On patrol off the Korean coast, Orozco and his crew mates were flung into shark-infested waters when their ship struck a floating mine near Inchon.
He managed to save himself and two buddies--an act that later won him the Navy Cross--only to be captured and imprisoned by the North Koreans.
Orozco and his fellow prisoners kept each other alive with stories, songs, jokes--anything they could think of to keep their spirits up.
And Orozco remembers of Lt. Jameson, “We went in there and got tortured, and when we came back, he helped us with our wounds. The last time I saw him was in ’52.”
Orozco and his fellow prisoners were not released until 1955, when word of the war’s end in 1953 finally reached his captors.
Orozco says he shows his medals and newspaper clippings to his sons and others so they might understand what he endured for his country. But he adds, “I think that more people should come to these events and know the history of the wars . . . and understand the feelings of what we went through.”
Former Army Sgt. Lorenzo Chavez of Oxnard also strode to the symbolic grave, the black and yellow shield of the U.S. Army 1st Cavalry Airborne emblazoned on his camouflage jacket and on the white cross he cradled in his arms.

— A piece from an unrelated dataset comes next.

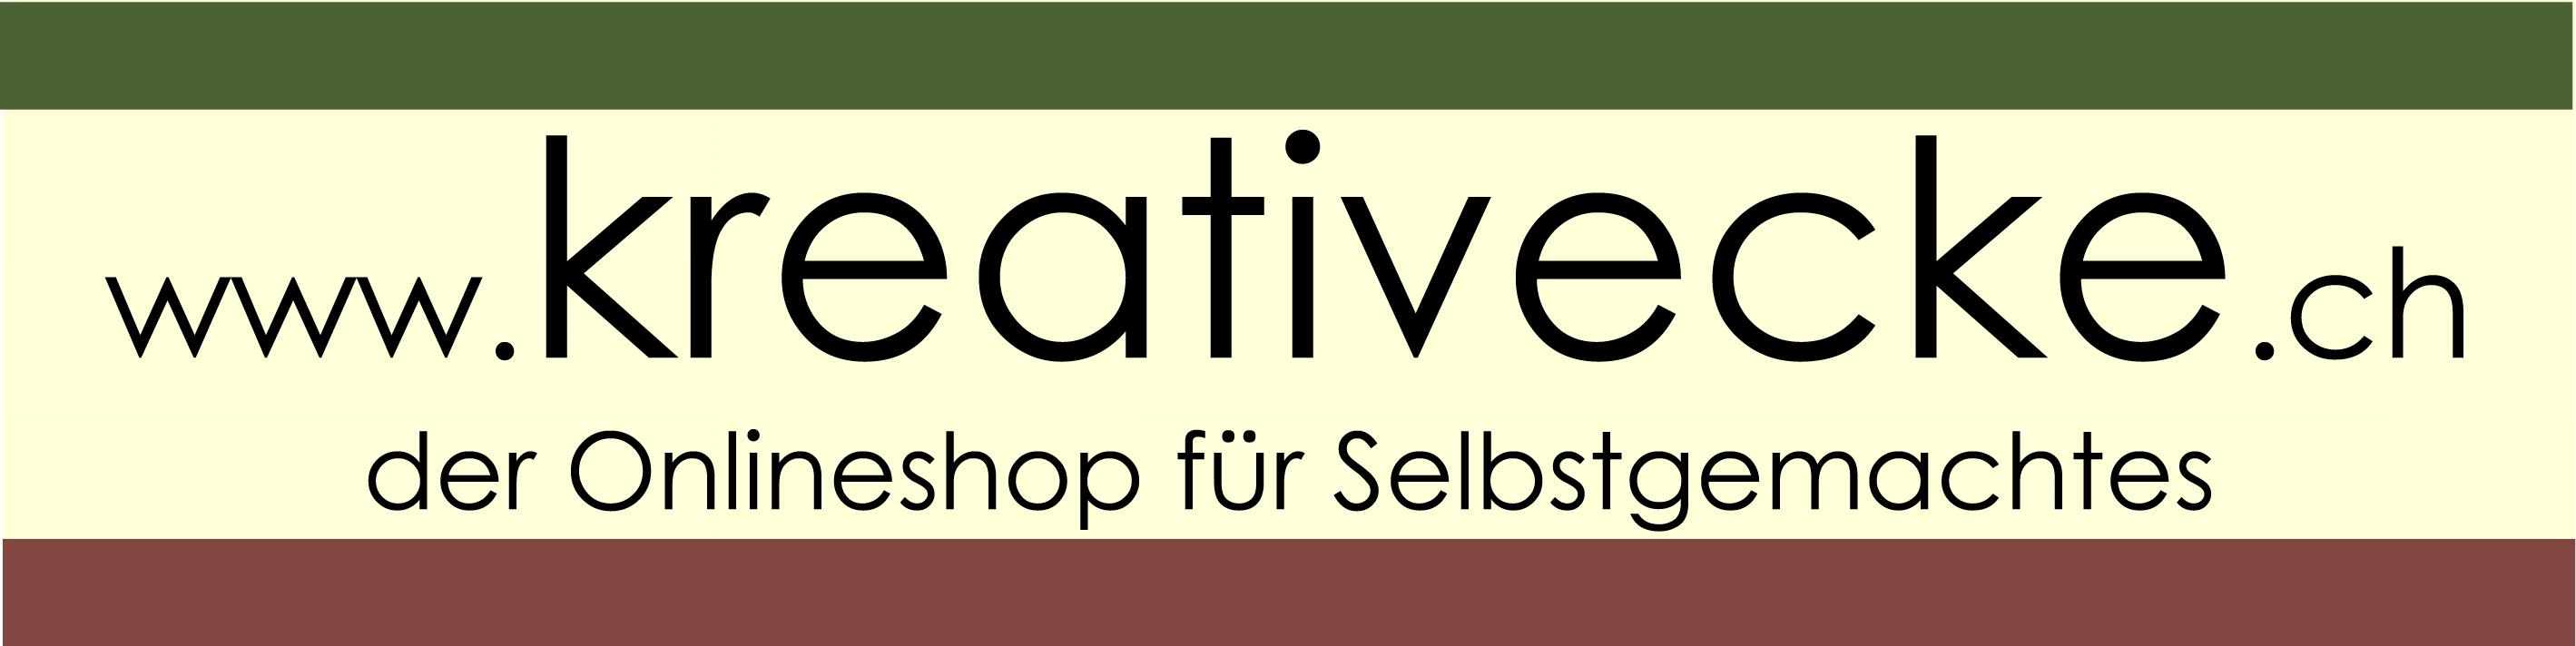 Kreativecke.ch

Chavez laid the cross among the flowers, snapped a salute, and returned to stand amid the billowing flags of the color guard.
“It’s a must that we participate,” he said of his fellow Vietnam Veterans of Ventura County. “We have to honor all those before us, lest they be forgotten.”
Chavez visited the traveling Vietnam War Memorial when it came through the county recently.
“There’s quite a few friends I have on the wall from my duty [in Vietnam], and friends from our town that I went to school with that never came back,” he said. “For them and their families, I chose to be here today instead of home barbecuing like everybody else.”
Author David Chagall, the keynote speaker, reminded the crowd of the origins of Memorial Day. In 1868, Army Gen. John Logan--then head of the American Veterans Organization--decreed that annual remembrance be paid with ceremony and a tribute of flowers, “Lest the ravages of time testify to coming generations that we have forgotten as a people the cost of a free and undivided republic.”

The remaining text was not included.